PufferLib provides a command-line interface for training, evaluation, hyperparameter sweeps, and utilities.
Basic syntax
puffer <command> <env_name> [options]
Available commands:
train - Train a policy
eval - Evaluate a trained policy
sweep - Run hyperparameter sweeps
autotune - Optimize vectorization settings
profile - Profile training performance
export - Export model weights
Training
Train a policy on an environment:
puffer train puffer_breakout
With custom parameters
puffer train puffer_breakout \
--train.learning-rate 0.001 \
--train.total-timesteps 50000000 \
--vec.num-envs 4 \
--policy.hidden-size 512
With custom config file
puffer train puffer_breakout --config my_config.ini
With logging
puffer train puffer_breakout \
--wandb \
--wandb-project my-project \
--wandb-group experiment-1
Common training options
Total environment steps to train for.
Learning rate for optimizer.
Device to train on (cuda or cpu).
Backpropagation through time horizon.
Number of parallel environment processes.

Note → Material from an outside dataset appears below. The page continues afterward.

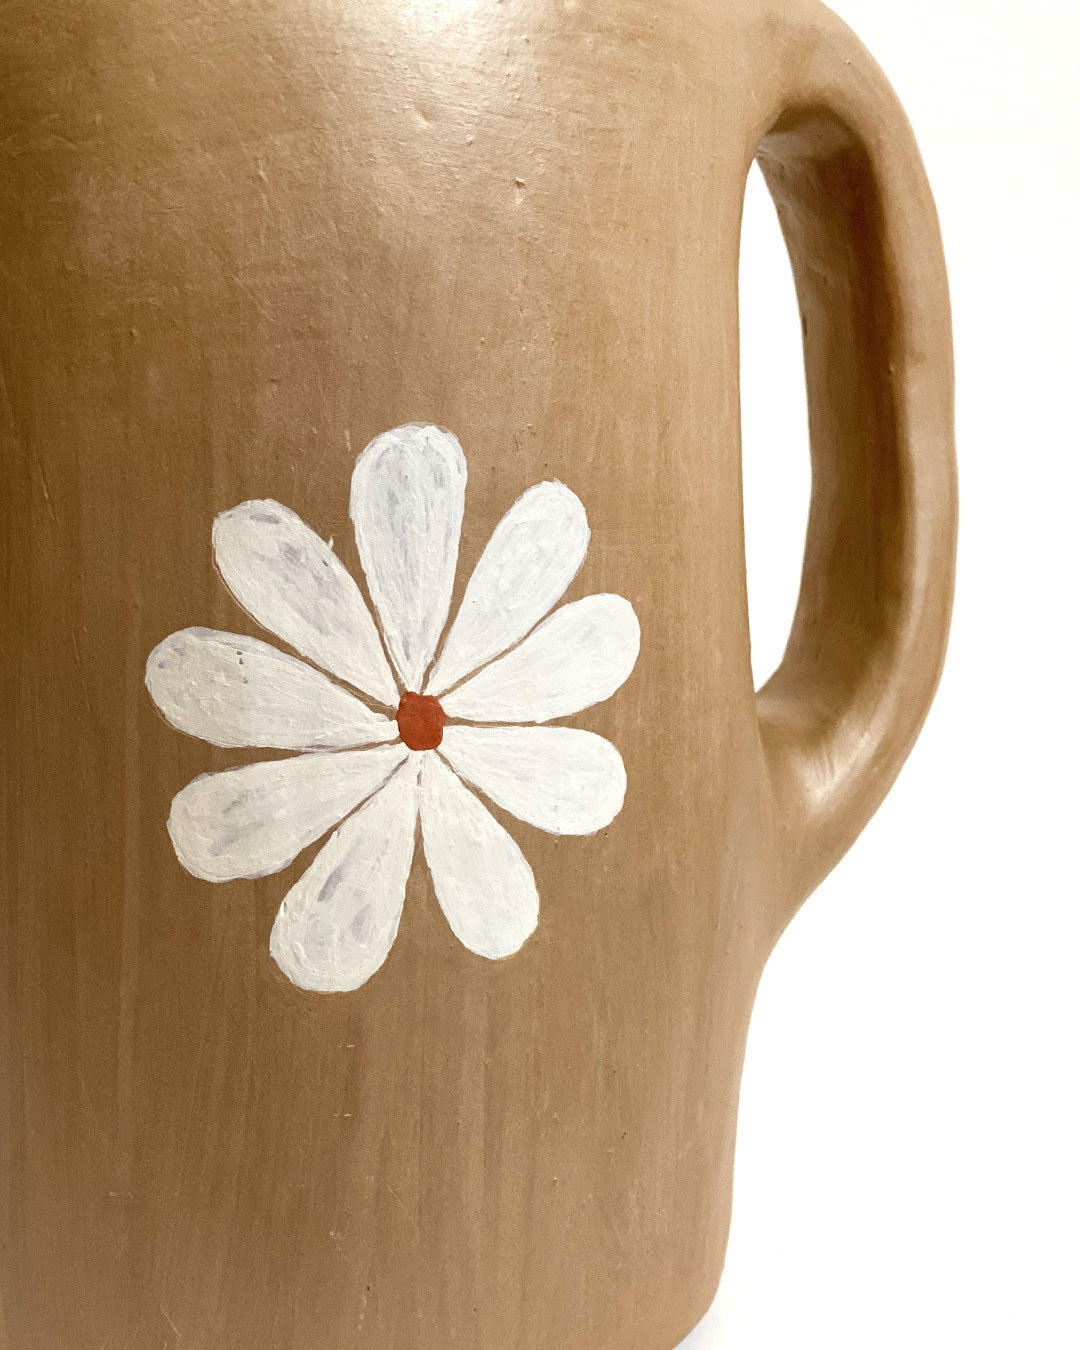 Jarra/vaso marrom com flor branca (grande) – Vale do Jequitinhonha
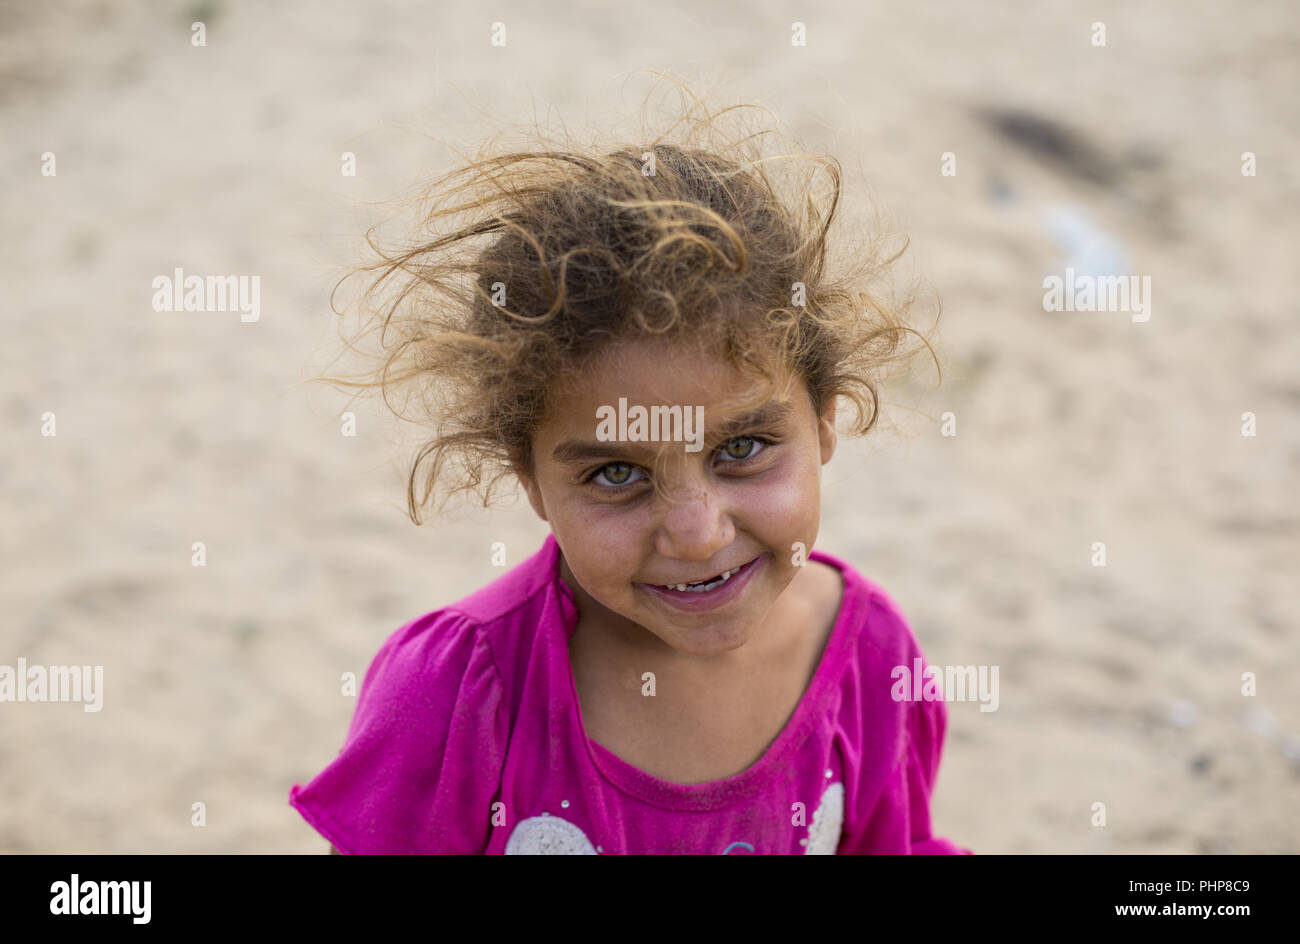 La ciudad de Gaza, en la Franja de Gaza, Gaza. 1 Sep, 2018. Un refugiado palestino kid visto sonriente en un vecindario empobrecido en el campamento de refugiados de Khan Yunis.Según informes de los medios de comunicación el 31 de agosto de 2018, Estados Unidos ha terminado toda la financiación del Organismo de Obras Públicas y Socorro para los Refugiados de Palestina en el Cercano Oriente (OOPS). La administración ha examinado cuidadosamente la cuestión y determinó que los Estados Unidos no hará contribuciones adicionales al OOPS, según una declaración del Departamento de Estado de Estados Unidos. Crédito: Mahmoud Issa/SOPA Images/Zuma alambre/Alamy Live News Foto de stock

Hidden layer size for policy network.
Path to pretrained checkpoint to resume from.
Tag for experiment tracking.
Evaluation
Evaluate a trained policy:
puffer eval puffer_breakout --load-model-path experiments/model.pt
Load from wandb/Neptune
puffer eval puffer_breakout \
--wandb \
--load-id abc123xyz
Save evaluation video
puffer eval puffer_breakout \
--load-model-path experiments/model.pt \
--save-frames 1000 \
--gif-path eval.gif \
--fps 30
Evaluation options
Path to model checkpoint. Use latest to load most recent checkpoint.
Load model from wandb or Neptune run ID.
Rendering mode. Options: auto, human, ansi, rgb_array, raylib, None.
Number of frames to save for video generation.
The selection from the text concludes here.